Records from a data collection
□ □ □ □ □
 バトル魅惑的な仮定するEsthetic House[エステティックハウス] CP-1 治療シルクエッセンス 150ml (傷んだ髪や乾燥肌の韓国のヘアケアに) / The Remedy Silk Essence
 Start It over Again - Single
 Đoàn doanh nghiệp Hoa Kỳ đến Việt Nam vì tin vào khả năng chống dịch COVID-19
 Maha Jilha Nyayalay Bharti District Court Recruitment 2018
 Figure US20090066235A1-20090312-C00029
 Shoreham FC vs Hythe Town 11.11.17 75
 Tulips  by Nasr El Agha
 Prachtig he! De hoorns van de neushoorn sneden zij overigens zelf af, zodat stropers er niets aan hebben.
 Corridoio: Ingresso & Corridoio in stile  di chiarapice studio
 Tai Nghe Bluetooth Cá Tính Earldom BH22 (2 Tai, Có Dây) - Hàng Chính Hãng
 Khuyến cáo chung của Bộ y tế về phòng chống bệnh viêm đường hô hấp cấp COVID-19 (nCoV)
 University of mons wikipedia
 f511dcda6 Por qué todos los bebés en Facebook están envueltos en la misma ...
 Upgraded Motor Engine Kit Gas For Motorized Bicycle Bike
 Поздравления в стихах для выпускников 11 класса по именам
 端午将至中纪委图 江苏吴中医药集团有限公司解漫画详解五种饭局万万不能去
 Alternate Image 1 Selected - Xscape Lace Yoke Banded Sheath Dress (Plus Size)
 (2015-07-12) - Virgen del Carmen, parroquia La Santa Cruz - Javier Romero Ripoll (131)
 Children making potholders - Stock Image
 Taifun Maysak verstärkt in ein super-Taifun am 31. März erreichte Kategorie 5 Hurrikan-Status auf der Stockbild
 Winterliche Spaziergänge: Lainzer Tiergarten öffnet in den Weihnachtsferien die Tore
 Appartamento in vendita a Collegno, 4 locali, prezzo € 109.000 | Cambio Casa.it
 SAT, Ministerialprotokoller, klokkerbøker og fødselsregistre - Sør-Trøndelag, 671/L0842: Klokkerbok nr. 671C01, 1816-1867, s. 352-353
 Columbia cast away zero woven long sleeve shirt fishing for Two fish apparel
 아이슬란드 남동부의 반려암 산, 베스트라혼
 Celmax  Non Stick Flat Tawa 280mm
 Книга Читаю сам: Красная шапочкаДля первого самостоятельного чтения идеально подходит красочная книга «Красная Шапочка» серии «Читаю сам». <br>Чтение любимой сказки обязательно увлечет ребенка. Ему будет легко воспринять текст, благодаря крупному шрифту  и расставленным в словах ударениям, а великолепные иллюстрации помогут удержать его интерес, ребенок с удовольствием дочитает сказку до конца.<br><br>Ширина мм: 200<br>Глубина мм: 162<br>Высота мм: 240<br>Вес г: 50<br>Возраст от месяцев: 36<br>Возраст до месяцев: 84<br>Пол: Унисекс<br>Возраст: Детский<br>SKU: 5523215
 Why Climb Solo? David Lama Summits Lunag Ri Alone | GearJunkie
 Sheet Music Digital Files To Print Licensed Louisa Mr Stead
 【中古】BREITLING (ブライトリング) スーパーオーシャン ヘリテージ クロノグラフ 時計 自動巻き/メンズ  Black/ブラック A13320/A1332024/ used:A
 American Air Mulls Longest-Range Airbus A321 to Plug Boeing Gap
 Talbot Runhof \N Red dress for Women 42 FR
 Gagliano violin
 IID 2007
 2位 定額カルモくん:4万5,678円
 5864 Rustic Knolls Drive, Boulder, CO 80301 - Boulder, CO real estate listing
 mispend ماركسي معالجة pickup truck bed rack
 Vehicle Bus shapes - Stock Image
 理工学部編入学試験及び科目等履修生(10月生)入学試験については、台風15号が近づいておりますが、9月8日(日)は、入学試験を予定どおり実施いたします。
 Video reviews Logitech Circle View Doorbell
□ □ □ □ □
> [About this exercise] Write down only the closing run of lines: the one containing "Sheet Music Digital" and every line after it to the end of the entries, exactly.

> [Response area]
 Sheet Music Digital Files To Print Licensed Louisa Mr Stead
 【中古】BREITLING (ブライトリング) スーパーオーシャン ヘリテージ クロノグラフ 時計 自動巻き/メンズ  Black/ブラック A13320/A1332024/ used:A
 American Air Mulls Longest-Range Airbus A321 to Plug Boeing Gap
 Talbot Runhof \N Red dress for Women 42 FR
 Gagliano violin
 IID 2007
 2位 定額カルモくん:4万5,678円
 5864 Rustic Knolls Drive, Boulder, CO 80301 - Boulder, CO real estate listing
 mispend ماركسي معالجة pickup truck bed rack
 Vehicle Bus shapes - Stock Image
 理工学部編入学試験及び科目等履修生(10月生)入学試験については、台風15号が近づいておりますが、9月8日(日)は、入学試験を予定どおり実施いたします。
 Video reviews Logitech Circle View Doorbell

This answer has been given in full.